Le prestigieux Prix Roger Caillois vient d’être remis, le 17 décembre, à la Mexicaine Cristina Rivera Garza pour son roman Personne ne me verra pleurer. Des auteurs comme Adolfo Bioy Casares, Carlos Fuentes, Alan Pauls, Roberto Bolaño ou Leonardo Padura, entre autres, l’ont précédée, c’est dire la qualité des lauréats.
Les protagonistes sont un homme et une femme qui vivent en marge de la réalité, du moins de la nôtre, l’homme à cause de son addiction à la morphine qui le conduit à la marge, la femme parce que sa folie la fait vivre à la fois dans son monde propre et dans le monde qui pour nous est réel.
On est à Mexico au tout début du XXe siècle et Cristina Rivera Garza, historienne de formation, nous offre à travers l’originalité de ses personnages un tableau très riche et très vivant de la capitale mexicaine à une époque de fondation : le Mexique que nous connaissons est en train de naître, avec les contradictions qui sont toujours présentes. On voit ainsi parfaitement comment ce pays, qui peu après allait être secoué par la révolution, se formait un avenir qui dans les années trente ferait de lui une référence en matière d’hygiène publique par exemple, une référence politique également. Mais la politique n’est pas au centre du récit, loin de là, Joaquín et Matilda sont trop dévorés par leurs fantasmes pour, eux, en être conscients.
Joaquín Buitrago a la passion de la photographie : prostituées dans une maison close, fous et folles enfermés à la Castañeda, l’asile tristement réputé pendant des décennies. Paradoxalement, alors que l’idée commune est que la photo fixe la vie ou la mort, pour lui « la photographie permettait d’arrêter la roue de la douleur du monde », et donc est davantage un soulagement qu’un souvenir de souffrance. Quant à Matilda Burgos, elle erre d’un épisode de son existence à un autre, sans rien contrôler.

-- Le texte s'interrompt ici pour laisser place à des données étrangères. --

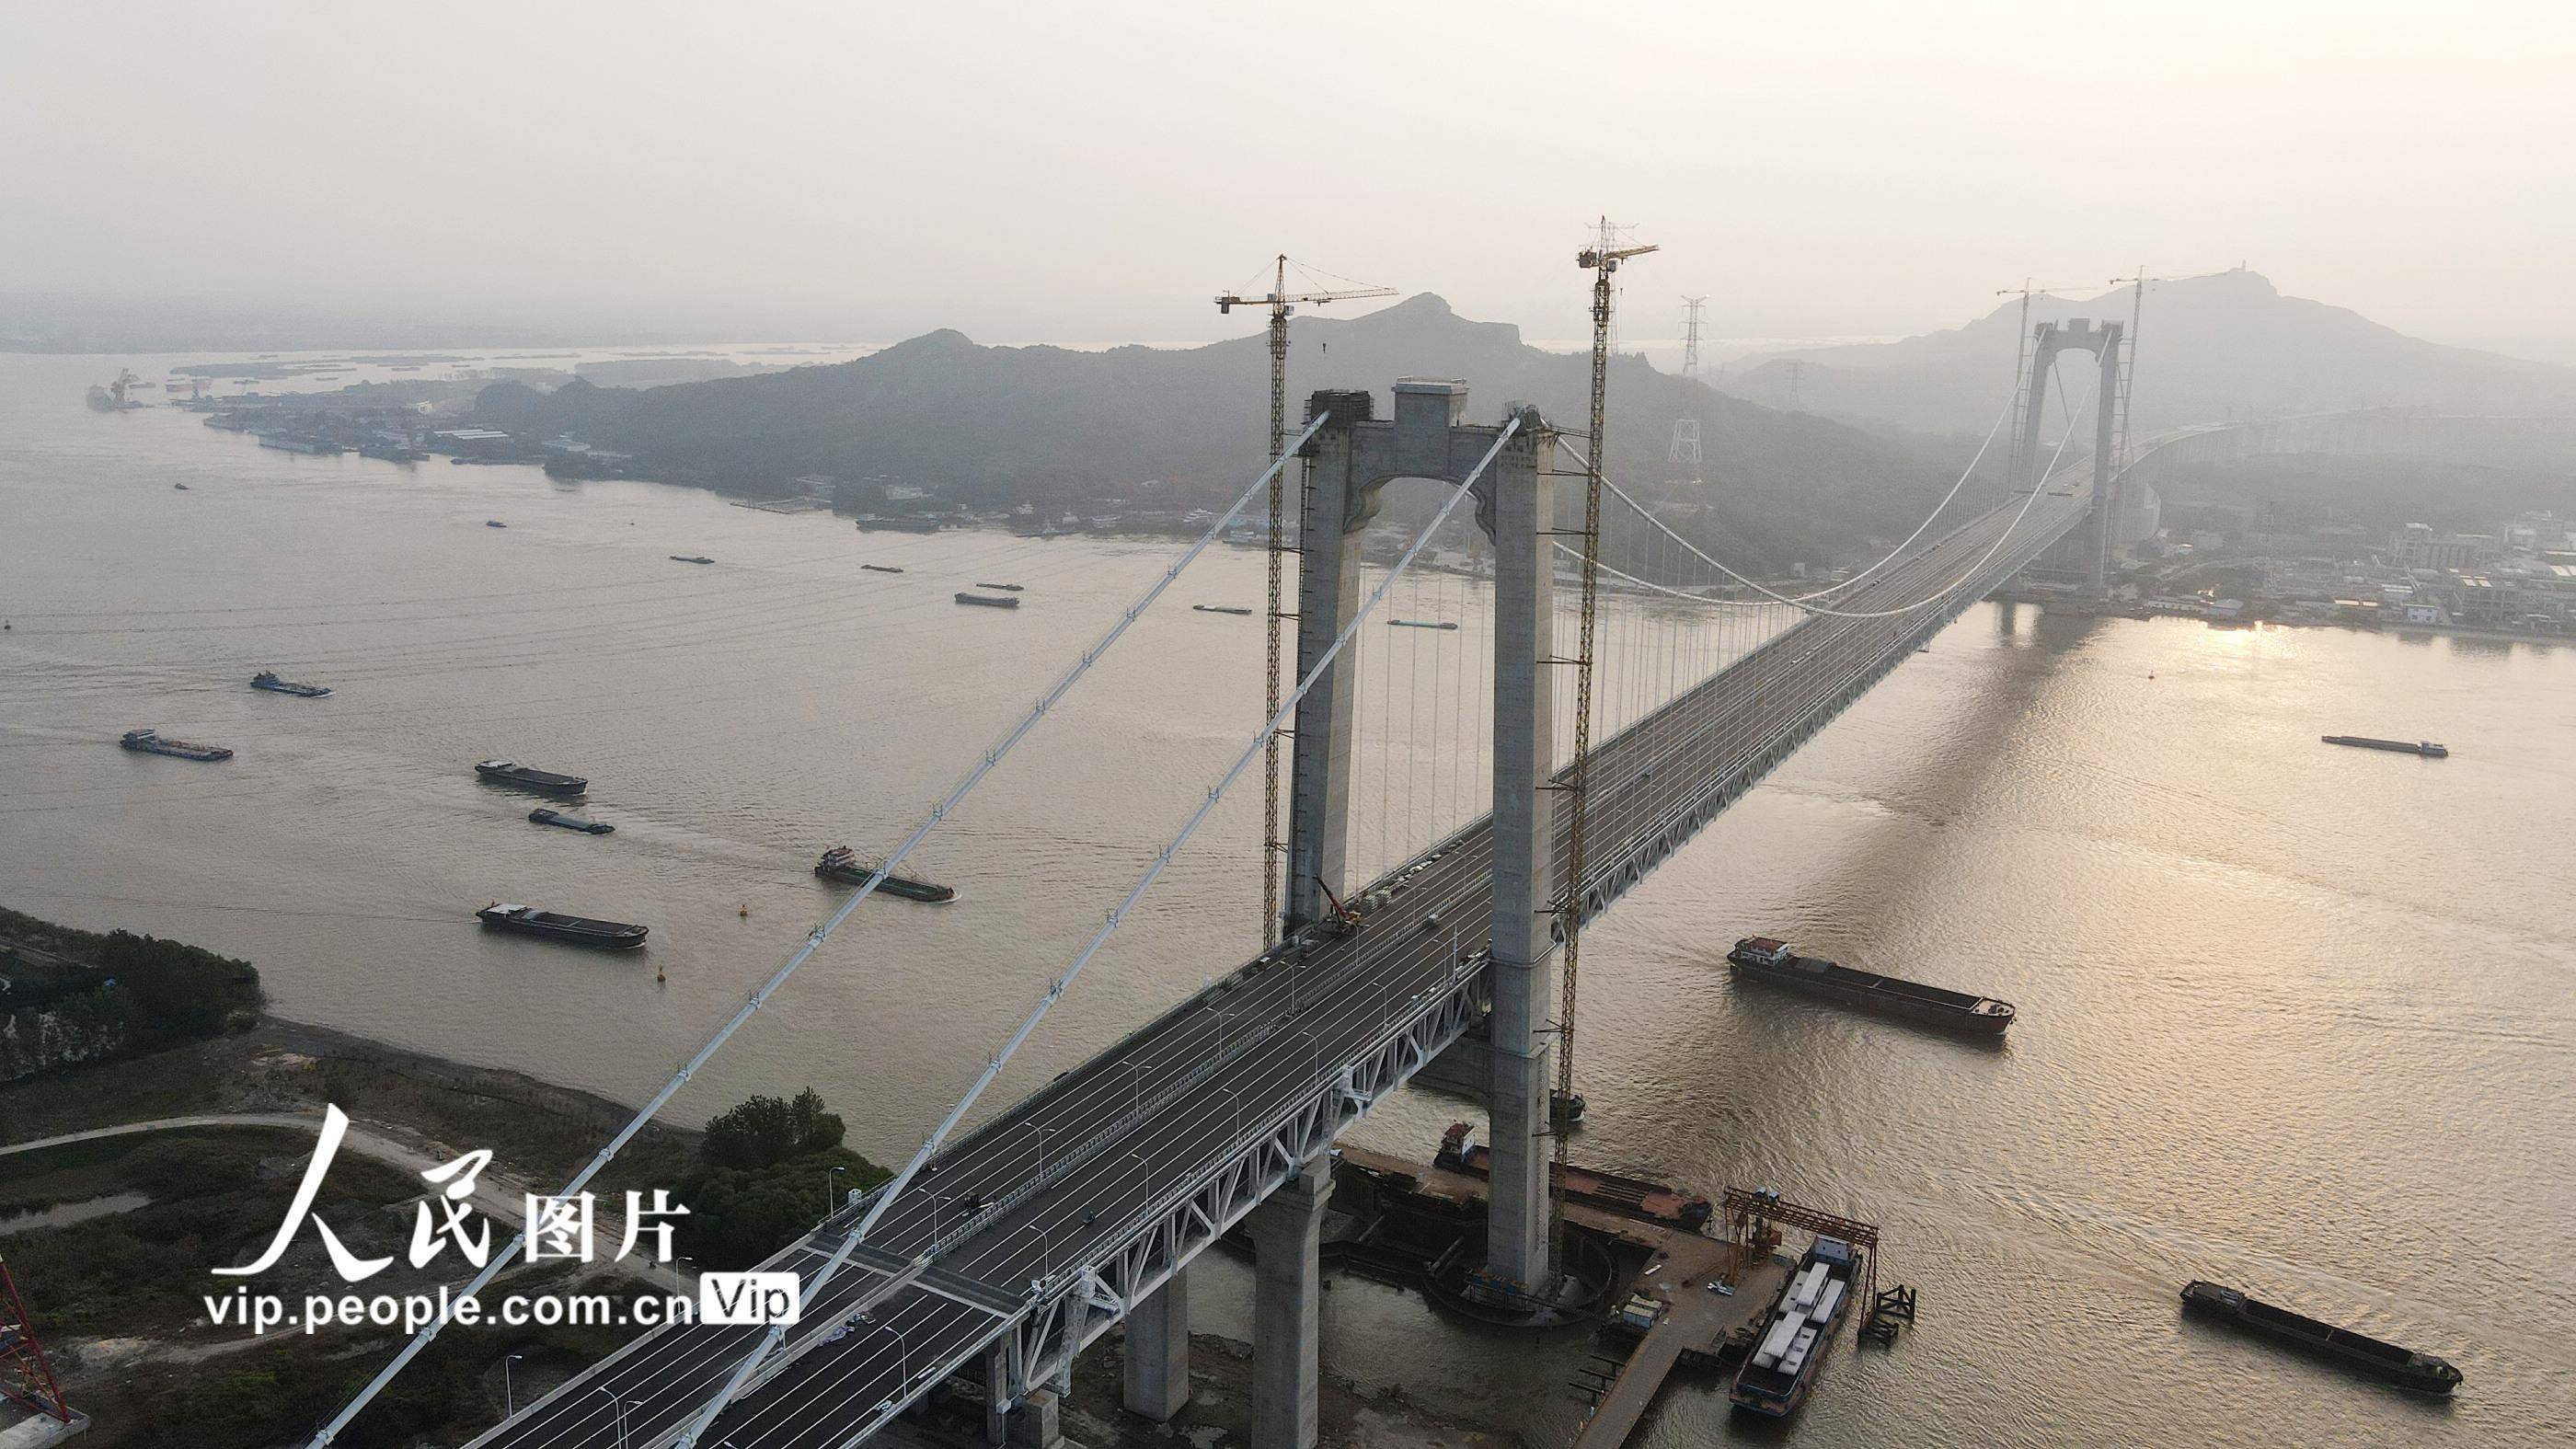 五峰山长江大桥连接江苏扬州市与镇江市,是连云港—镇江高速铁路的过

Peut-on savoir ce qu’est la folie ? Où se tient la limite entre un être sain et un fou ? Le médecin de la Castañeda se pose constamment la question… à propos de lui-même et de sa réalité. Le style de Cristina Rivera Garza successivement saisit, évoque, surprend, déconcerte, il nous mène aux limites de cette folie si difficile à définir et que partagent les personnages, un état pas très éloigné de ce qui pourtant nous semble sensé. Le récit suit la « logique » de l’esprit de Matilda ou de Joaquín, avec des ellipses, des faits inexpliqués, des évidences qui nous apparaissent tel bien après leur apparition : la romancière nous fait habiter la conscience des deux personnages principaux, ce qui n’est pas toujours confortable, mais qui reste très efficace. Personne ne me verra pleurer est un roman exigeant pour son lecteur. Sa richesse est psychologique, sociale, historique. En un mot enrichissant.